Our Hardest Journey and Most Hopeful Turn Yet

Happy Birthday, Boys

I’m still wrapping my head around the fact that my babies are two. Two years of Henry’s wild energy, two years of Frankie’s strength, and two years of learning how to live a life we never expected, but now can’t imagine any other way.

We kept their birthday simple and full of the things they love most: playing and being surrounded by people who love them. Henry was in his element, running around, and just soaking up every second. Frankie joined in in his own way, watching, engaging, and just being part of it all. 

The News from Nebraska

Shortly after their birthday, we got the update I’ve been hoping and fighting for. I connected with the surgical team in Nebraska, and for the first time, it felt like someone really saw Frankie’s anatomy and had a clear, thoughtful plan.

After reviewing his imaging, the surgeon believes Frankie’s colon is capable of functioning but is simply small from disuse. Instead of rushing into one big, high-risk surgery, he proposed something that makes so much sense for Frankie: a phased approach. We’ll meet with Dr. Mercer on June 3 at Children’s Nebraska for evaluation, labs, etc. and then go to the Operating Room on June 5 for the first surgery. He’ll reconnect his small bowel to the side of his colon to allow his colon to slowly adapt and ‘learn’ how to function again. Because his colon hasn’t been used, it’s smaller and needs time to build capacity and start absorbing properly. This step gives his body that chance without overwhelming it and potentially causing obstruction. This means he’ll still have an ostomy but his colon will now be in continuity. Having his colon back in use, even partially, should allow for better fluid and nutrient absorption, the ability to increase feeds, and a real chance at reducing TPN dependence over time. Then after several months we would go back for a second surgery to complete the full reconnection. 
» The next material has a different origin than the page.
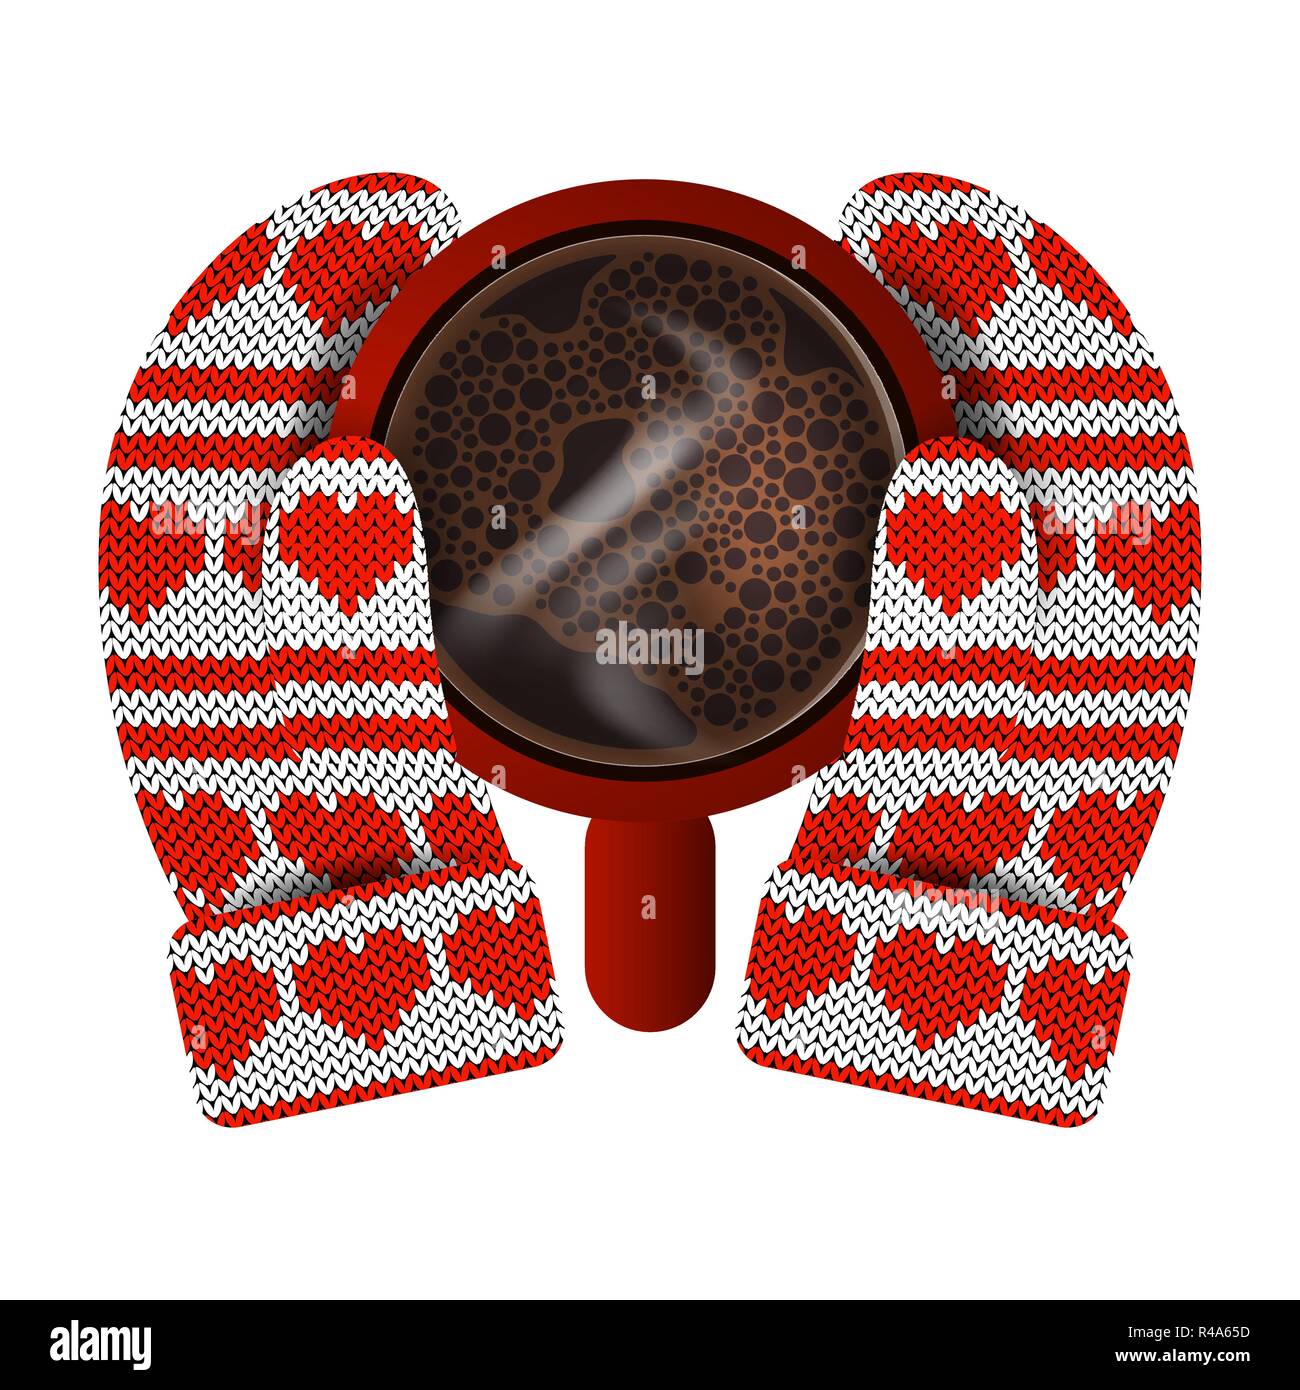 Valentines Day. Dans les mains des mitaines tricotées tenir une tasse rouge avec du café chaud. Modèle de tricot de coeurs et de rayures. Rouge et Blanc Illustration de Vecteur

What’s striking is how different this plan is from what we were previously told by his local team. Before, the picture felt uncertain, limited, and honestly discouraging. I feel relieved that this strategy appears to work with his body not against it and offers a path forward that prioritizes long-term success. 

We’re still planning to meet with our local surgeon. She’ll need to stay involved, especially in case Frankie needs surgical support once we’re back home from Nebraska. But for the first time in a long time, I feel like we have a plan that gives Frankie a real shot at progress.

The Reality of Advocating for Frankie

While I’m feeling hopeful about Nebraska, the day-to-day reality here hasn’t slowed down.I continue to advocate for Frankie constantly, especially when it comes to his GI care.

I’ve pushed for continued bowel rest because I want him going into surgery in the least inflammatory state possible. His local GI has shared that she would like to restart enteral feeds but also knows I’m not on board with that right now. And I’m not, because we’ve lived what happens when we push too soon. The last feeding trial didn’t just fail, it landed Frankie in the hospital with an ileus and ultimately led to his severe eosinophilic gastritis. We don’t have the luxury of trial and error in the same way. Every decision has real consequences for his body.

Right now, on bowel rest, he is the most comfortable and happy he has ever been. But I find myself constantly having to explain, re-explain, and defend decisions for a child that many providers don’t fully understand. Frankie doesn’t fit neatly into a textbook. His anatomy, his history, and his responses are uniquely his. And yet, I’m often met with textbook logic that doesn’t account for that.

That’s why getting this second opinion with Dr. Mercer and his intestinal failure team means so much. For the first time, it feels like we have a team looking at Frankie, not just a diagnosis. I’m praying that after surgery, we can finally develop a feeding plan that truly works for him.

The Other Pieces We’re Still Fighting For

At the same time, there are still so many moving parts in Frankie’s care. I’m still working through getting him a CPT vest. There’s nothing like being questioned by vendors about his diagnosis codes meeting the eligibility for devices he’s been prescribed. We’re still waiting on his gait trainer, which has been months in the making. And in the meantime, I’ve been working with a local group to see if we can get Frankie a 3D-printed toddler wheelchair.

There’s a lot of research that shows developmentally, he should be transitioning to a wheelchair at this age—something that properly supports his body and allows him to interact with the world at eye level—rather than being stuck in a stroller that doesn’t meet his needs. It’s just another example of how much of this journey is not just medical—but logistical, systemic, and constant.

The Kind of Support You Don’t Forget

As we started planning for Nebraska, we knew it would be a lot of work and financial gymnastics to accommodate the travel, extended stay, medical logistics, and all that comes with taking a medically complex child across state lines. We have been truly blessed by the amazing outpouring of support when we announced we needed this second opinion. Friends, family, and even people we’ve never met have given, shared, messaged, and supported us in ways that have truly carried us. Because of that generosity, we’re able to focus on getting Frankie the care he needs without the same weight of financial stress. You’ve helped make this trip possible for our family. There really aren’t words big enough to express how much that means to us.